The method introduced here always uses the service of GCP. And with either method, you will definitely be charged for the usage fee of Cloud Storage. For the first time, GCP has a $ 300 free tier, The free tier does not include the TPU usage fee, and there are some restrictions on the free tier of Cloud Storage, so be sure to check the contents yourself before proceeding. (Cloud ML has a free tier, but I haven't tried it)
In order to train using TPU, it must be stored in Cloud Storage.
Here, we will assume that the names are as follows.
Project ID:
gcp-project-123
Bucket name:
my-bucket-123
Don't forget the -m
option if you want to quickly copy from your local PC to your bucket!
Command example to send the folder of the current directory to the bucket with zsh on Mac
gsutil -m cp -r \* gs://my-bucket-123/
The folder structure in the bucket is as follows. (* The following explanation will proceed on the premise of this configuration)
gs://my-bucket-123/
├── models
│ ├── ssd_mobilenet_v1_fpn (Model data of transfer learning source)
│ └── .ckpt and many more
├── data
│ ├── save (Training data storage directory)
│ ├── train (For teacher data storage~ tfrecord)
│ └── val (For data storage for verification~ tfrecord)
├── hoge.config (Config data)
└── tf_label_map.pbtxt (Label data)
This time, I used ssd_mobilenet_v1_fpn_coco as the transfer learning source. In addition, on the page of Tensorflow detection model zoo, there is a ☆ mark on the trained model that supports TPU. It is on.
For the contents of the config, [the above](https://qiita.com/IchiLab/items/fd99bcd92670607f8f9b#%E3%82%B3%E3%83%B3%E3%83%95%E3%82%A3%E3 % 82% B0% E3% 83% 95% E3% 82% A1% E3% 82% A4% E3% 83% AB% E3% 81% AE% E7% B7% A8% E9% 9B% 86) I will omit it because I did it, but Now that the above files are in Cloud Storage, the following items need to be matched accordingly.
fine_tune_checkpoint: "gs://my-bucket-123/models/ssd_mobilenet_v1_fpn/model.ckpt"
label_map_path: "gs://my-bucket-123/tf_label_map.pbtxt"
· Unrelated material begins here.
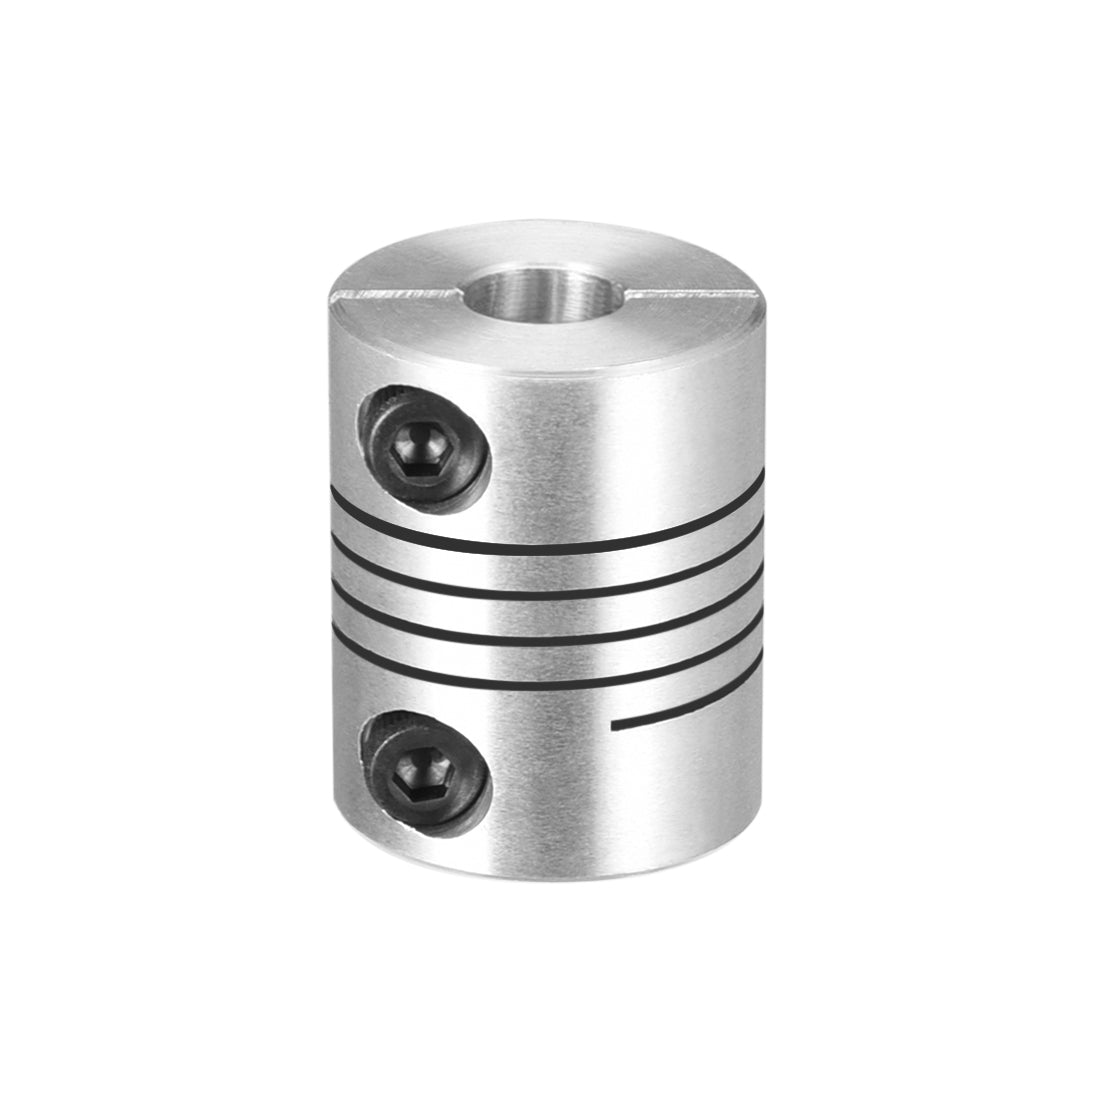 uxcell Uxcell Motor Shaft 6mm to 8mm Helical Beam Coupler Coupling 20mm Dia 25mm Length

input_path: "gs://my-bucket-123/data/train/{filename}.tfrecord
input_path: "gs://my-bucket-123/data/val/{filename}.tfrecord
(* How to write the {filename} part is [the above](https://qiita.com/IchiLab/items/fd99bcd92670607f8f9b#%E3%82%B3%E3%83%B3%E3%83%95%E3% 82% A3% E3% 82% B0% E3% 83% 95% E3% 82% A1% E3% 82% A4% E3% 83% AB% E3% 81% AE% E7% B7% A8% E9% 9B% 86))
If you can do it with the free tier, let's do it here. However, as mentioned earlier, Cloud Storage charges will be incurred.
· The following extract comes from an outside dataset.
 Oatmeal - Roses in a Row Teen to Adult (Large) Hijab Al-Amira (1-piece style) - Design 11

It can be local or container, so once you have git clone
, store it in your Google Drive.
By the way, when I did it with the latest master, there were many troubles such as not being able to do various things that worked well, so The following branches are recommended for me.
git clone -b tf_2_1_reference https://github.com/tensorflow/models.git
Don't forget the coco API.
git clone --depth 1 https://github.com/cocodataset/cocoapi.git
Here, it is assumed that the source code is placed in the following directory.
/content/drive/My Drive/models/research
/content/drive/My Drive/cocoapi/PythonAPI
On your browser, from Google Drive, Select New> Other> Google Colaboratory.
Change the title from "Untitled0.ipynb" to any name you like. (Recommendation)
From the menu above, select "Runtime"-> "Change Runtime Type"-> Specify Hardware Accelerator as "TPU" and "Save". Then select Connect.
First of all, if you can not read the API source, it will not start, so mount it.
from google.colab import drive
drive.mount('/content/drive')
To link with Cloud Storage, set the project with the gcloud command.
from google.colab import auth
auth.authenticate_user()
project_id = 'gcp-project-123'
!gcloud config set project {project_id}
!gsutil ls my-bucket-123
Authentication is similar to Google Drive.
If successful, you can check the contents of the bucket with the ls
command.
%cd /content/drive/My\ Drive/cocoapi/PythonAPI
!make
!cp -r pycocotools /content/drive/My\ Drive/models/research/
Convert .proto to .py.
%cd /content/drive/My\ Drive/models/research
!protoc object_detection/protos/*.proto --python_out=.
The Tensorflow Object Detection API does not support tensorflow 2.X. On the other hand, Google Colaboratory has 2.X series installed from the beginning. Therefore, you need to check the version and reinstall.
!pip list | grep tensor
!pip install tensorflow==1.15.0rc3
%env PYTHONPATH=/env/python:/content/drive/My Drive/models/research:/content/drive/My Drive/models/research/slim
Let's test whether the environment has been built successfully.
If all goes well, you will see "OK" over multiple lines.
By the way, this article uses the source of a slightly older branch, but recently it has been renamed to model_builder_tf1_test.py
.
%cd /content/drive/My Drive/models/research
!python object_detection/builders/model_builder_test.py
If you specify the directory to save the learning data and start it as shown below, you can check the movement of loss and the number of learning steps per second.
%load_ext tensorboard
%tensorboard --logdir gs://my-bucket-123/data/save
Use model_tpu_main.py
instead of model_main.py
for training.
You can specify the GCP project ID and TPU name as options, but it was not necessary in the Google Colaboratory environment.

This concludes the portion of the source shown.